Our Jersey and ex-Jerseyite Members ( including ex-Employees) will get the Irony in this, but believe it or not there are other Transportation Agencies that are just as poorly run and Managed that put out similar Propaganda. ( among them in my personal expierence Washington DC's WMATA and Austin's Cap Metro!!)


----------



## Acela150 (Jul 17, 2019)

Mystic River Dragon said:


> This morning, NJT had placed one of its periodic paper newsletters on the train seats. The main headline was (I am not making this up):
> 
> "Four Decades of Service, Customers First"



LMAO!!!!


----------



## me_little_me (Jul 19, 2019)

Mystic River Dragon said:


> This morning, NJT had placed one of its periodic paper newsletters on the train seats. The main headline was (I am not making this up):
> 
> "Four Decades of Service, Customers First"


Customers first. The train follows.
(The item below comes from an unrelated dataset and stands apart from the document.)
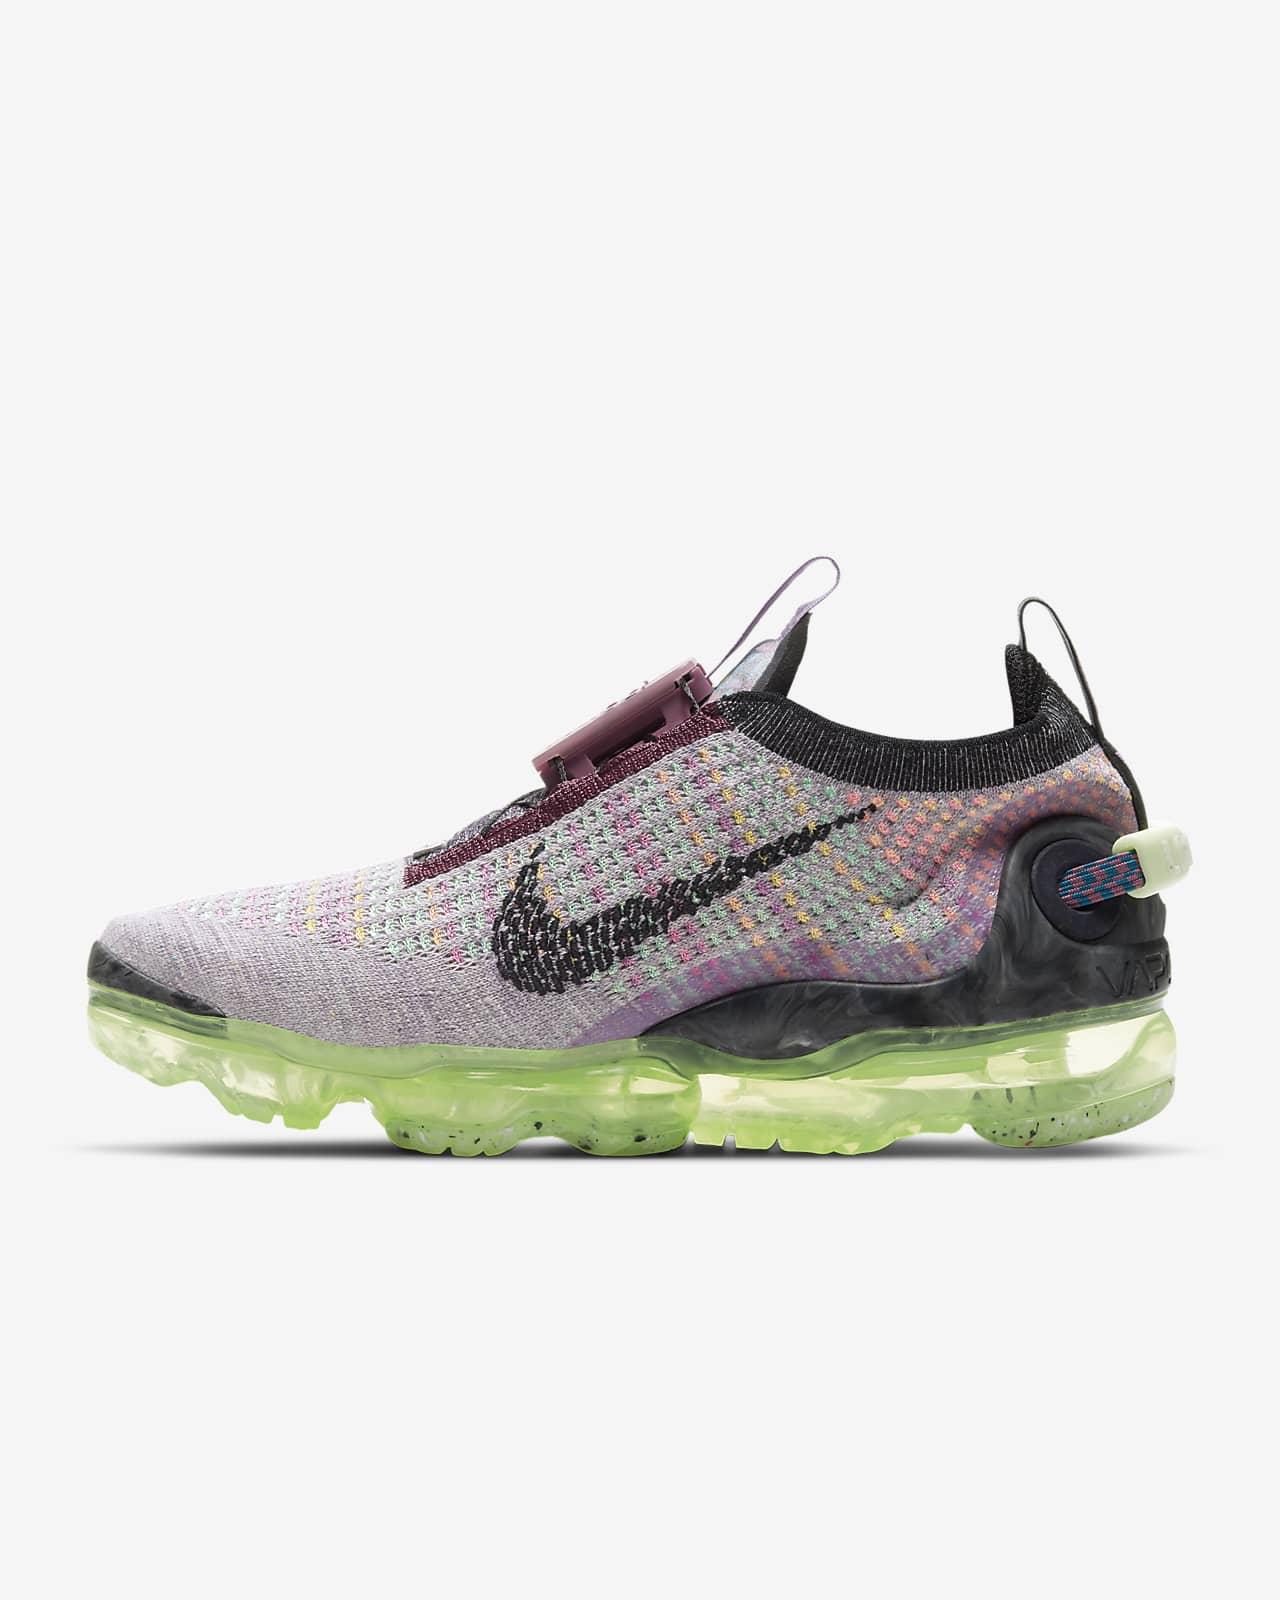 Chaussure Nike Air Vapormax 2020 FlyKnit pour Femme

The customers walk faster than the train so it never hits them.


----------



## sttom (Aug 3, 2019)

I thought NJ Transit's slogan was "enjoy the journey, should there be one"? Or did my family back east steer me wrong?


----------



## AutoTrDvr (Aug 3, 2019)

Now, understand they did this on a Wednesday during the summer when schools are out and people are starting to go on vacation. So there probably isn't as much crowding and level of ridership that would raise the "snark" factor.... Had they did this on a Monday after Labor Day when the schools are in session and everyone is back from work.....


----------



## Mystic River Dragon (Aug 8, 2019)

Well, actually, I'm the only person I've ever seen even look at the printed newsletter. Most people sit on it, throw it on the floor, or just ignore it in general. So by the end of the day, it is just a pile of trash on the floor of all the trains, creating an eyesore and a slipping hazard.


----------